REQUIRED ACTION: Output exactly the lines below, starting with the line that has "fall leaves wreath" and going on through the line that has "Colby Davis of Boston Jewelry/Necklaces", both included, and no other lines.

=== DATA FOR ANALYSIS ===

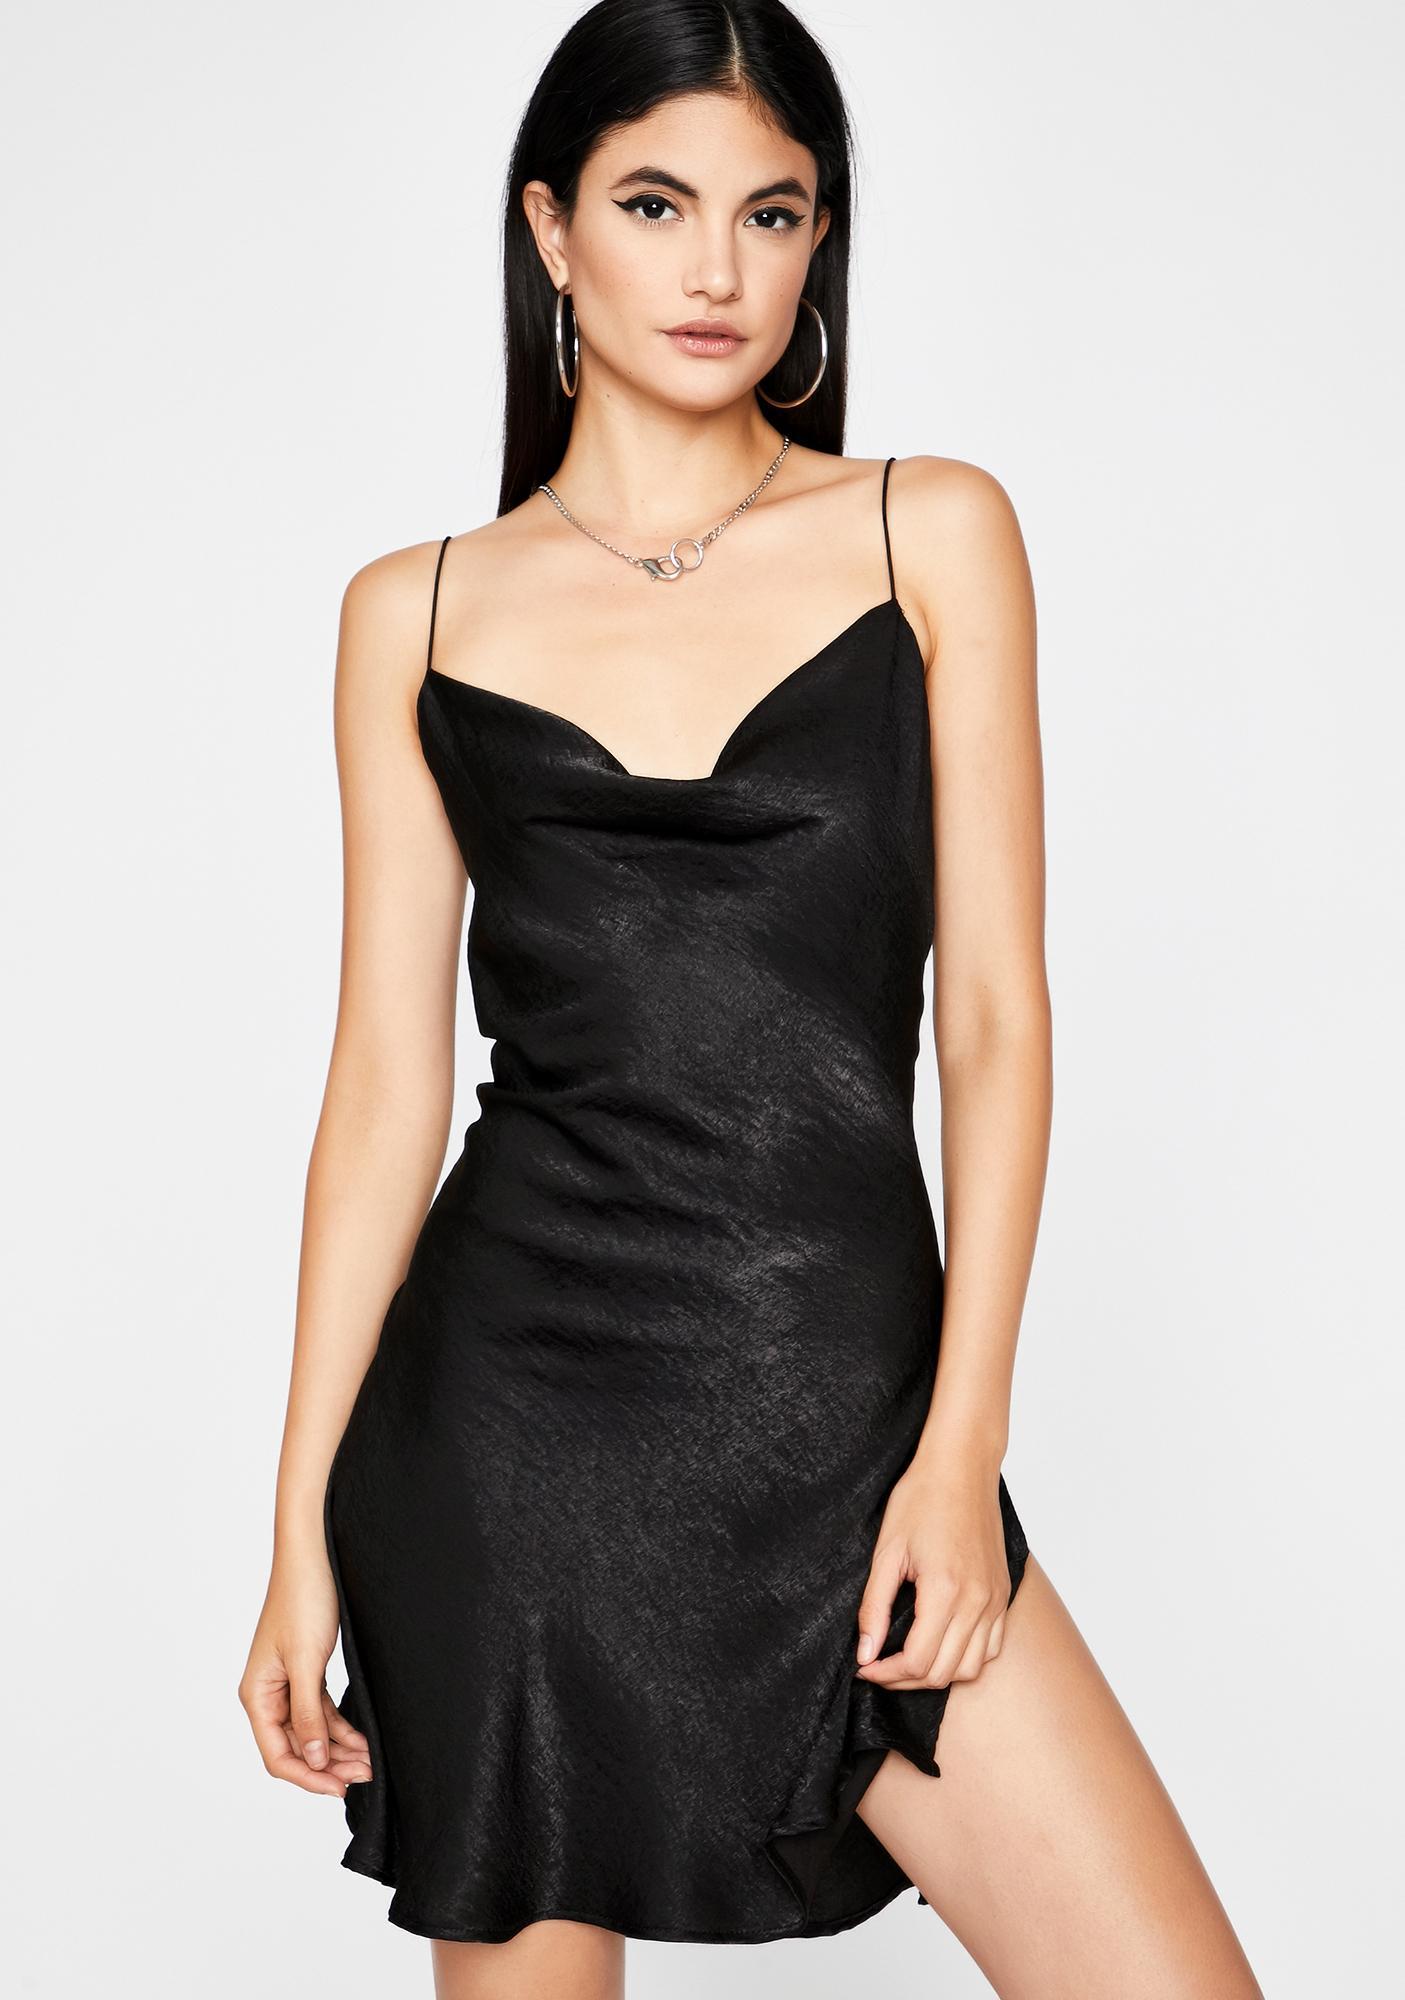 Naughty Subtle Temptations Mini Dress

===
=== DATA FOR ANALYSIS ===

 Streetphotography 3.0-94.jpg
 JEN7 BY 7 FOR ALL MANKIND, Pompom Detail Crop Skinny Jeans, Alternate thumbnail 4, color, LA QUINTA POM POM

===
=== DATA FOR ANALYSIS ===

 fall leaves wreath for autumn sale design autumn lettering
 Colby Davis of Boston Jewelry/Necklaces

===

SOLUTION BELOW:
 fall leaves wreath for autumn sale design autumn lettering
 Colby Davis of Boston Jewelry/Necklaces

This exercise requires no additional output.